Otherwise, the math's the same for Lueons, 12 Volts minus 3.5 is 8.5 Volts 'across the resistor'. If we want to get one Amp (1000 mA), all we need to do is divide that voltage by that current; 8.5 divided by one is of course 8.5. That's how many ohms. Power is 'I squared R'. One times one times 8.5, 8.5 Watts *there*. Higher voltage will make it worse.

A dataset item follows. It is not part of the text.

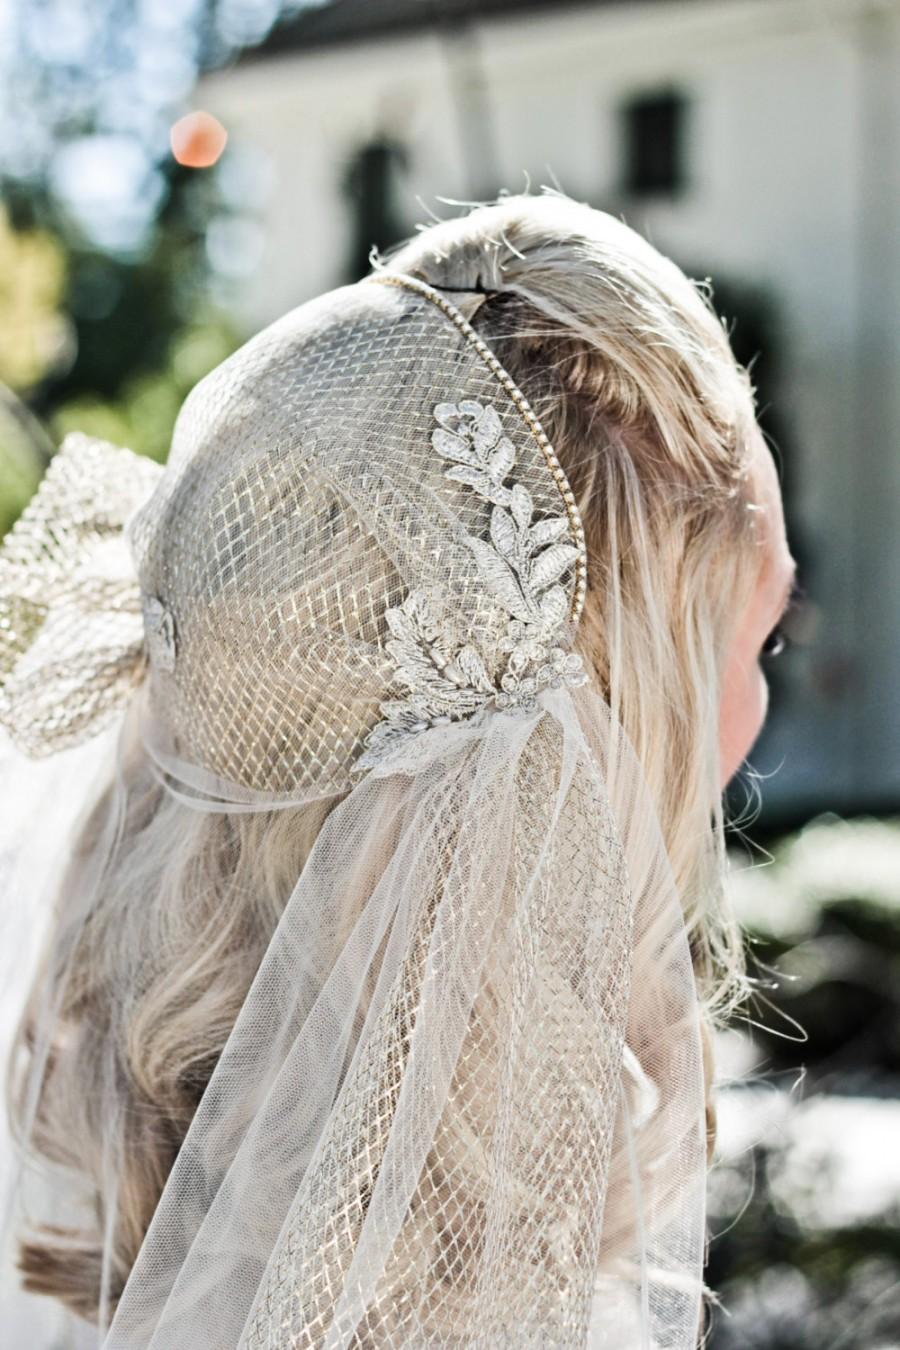 Hochzeit - Juliet Cap Wedding Veil, Alencon Lace, Rhinestone Bridal Cap, Pearls, Cathedral, Chapel, Waltz, Blusher, Ivory, Champagne, Style: Lola Gold

Conservative design calls for 1000 mA at 14.7 Volts 'hot off the charger' (and lower output at normal Voltages). So we're talking 14.7 minus 3.5 or 10.2 volts divided by one amp....10.2 ohms (ten probably close enough). One times one times one is ten, go with at least 15, better still 20 Watt. At 12 Volts then we'll 'only' be pushing 12 minus 3.5, 8.5 Volts (again) divided by ten ohms is .85 Amps (850 mA), still plenty bright. This circuit is much more stable with reasonable voltage changes than the 3 series string because of the larger voltage drop across the resistor. Small changes in battery voltage are a smaller percentage of the total.
More efficiency can be had from a second LED in series (like the Luxeon V suggestion), and recalculating for 7 Volts Vf.
Perhaps a better way to go is with a *regulator*? A (fairly) simple series regulator would hold the current steady and could drive the Luxeon at one Amp or the total of the 31 strings at a bit over 30 mA per string (reduce the series resistor in each string perhaps). A simple switch could drive one or the other. The bank or one (two or even three) LS.
Good luck, sounds like a fun project.
Doug Owen